Updated: May 17, 2021

The Treaty of Paris was signed on 20 November 1815 after Napoleon was once again defeated and his Hundred Days of restored rule came to an end. According to the treaty, 150,000 foreign troops occupied France.

Before the Treaty

In February 1815, Napoleon had escaped from the island of Elba (he was exiled to the island a year before) and entered Paris in March starting a period known as The Hundred Days (les Cent-Jours). The European powers were shocked by Napoleon's return and decided to put 150,000 men each into the field to end his rule. This set the stage for the last conflict in the Napoleonic Wars, the defeat of Napoleon at the Battle of Waterloo, the second restoration of the French kingdom, and the permanent exile of Napoleon to the island of Saint Helena


The Treaty of Paris (1815)

The 1815 treaty had more punitive terms than the treaty of 1814. France was forced to pay 700 million francs as compensation, and the country's borders were reduced to their 1790 level. France was to pay additional money to cover the cost of providing additional defensive fortifications to be built by neighboring Coalition countries. Under the terms of the treaty large parts of France were occupied by up to 150,000 soldiers for five years, with France covering the cost; however, the Coalition occupation under the command of the Duke of Wellington was only deemed necessary for three years and the foreign troops pulled out in 1818


(+) Act on the neutrality of Switzerland

The Swiss Confederation had been internationally recognized as an independent neutral state at the Peace of Westphalia in 1648. During the Napoleonic Wars Switzerland failed to remain neutral, as some cantons had been annexed into other states and, under French influence, the Act of Mediation was signed and the Swiss Confederation was replaced by the more centralized Helvetic Republic, which was allied to France. With the fall of Napoleon Bonaparte in 1814, the cantons of Switzerland started the process of constructing a new, less centralized constitution.

On 20 March 1815, at the Congress of Vienna, the European powers (Austria, France, Great Britain, Portugal, Prussia, Russia, Spain, and Sweden) agreed to recognize permanently an independent, neutral Switzerland, and on 27 May Switzerland acceded to this declaration.

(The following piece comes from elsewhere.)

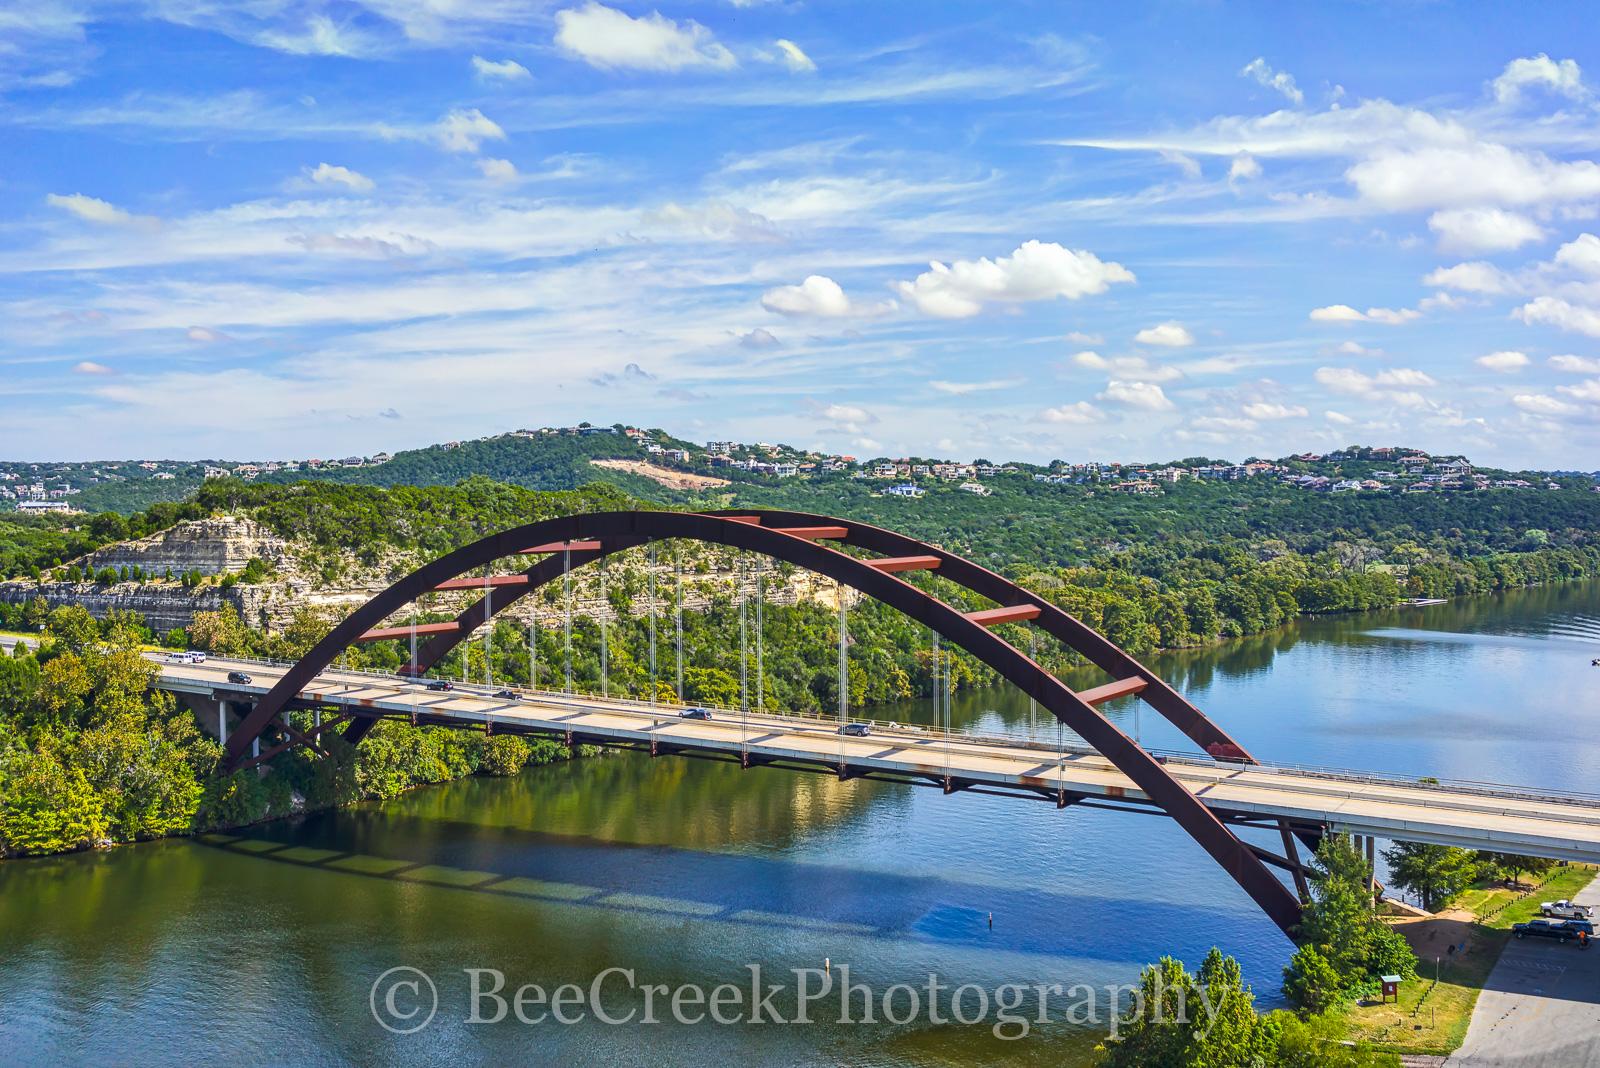 Austin, Pennybacker Bridge, 360 Bridge, Lake Austin, cityscape, over austin, architecture, architectural, water, boat, reflections, images of austin, photos of austin, pictures of austin, images of 36, photo

However, during Napoleon's Hundred Days the Seventh Coalition suspended the signing of the Act of Acknowledgement and Guarantee of the perpetual Neutrality of Switzerland until after Napoleon Bonaparte was defeated (this allowed Coalition forces to pass through Swiss territory). So with Article 84 of the Final Act of the Congress of Vienna dated 20 November 1815, the four major Coalition powers (Austria, Great Britain, Prussia and Russia) and France gave their formal and authentic acknowledgment of the neutrality and independence of Switzerland.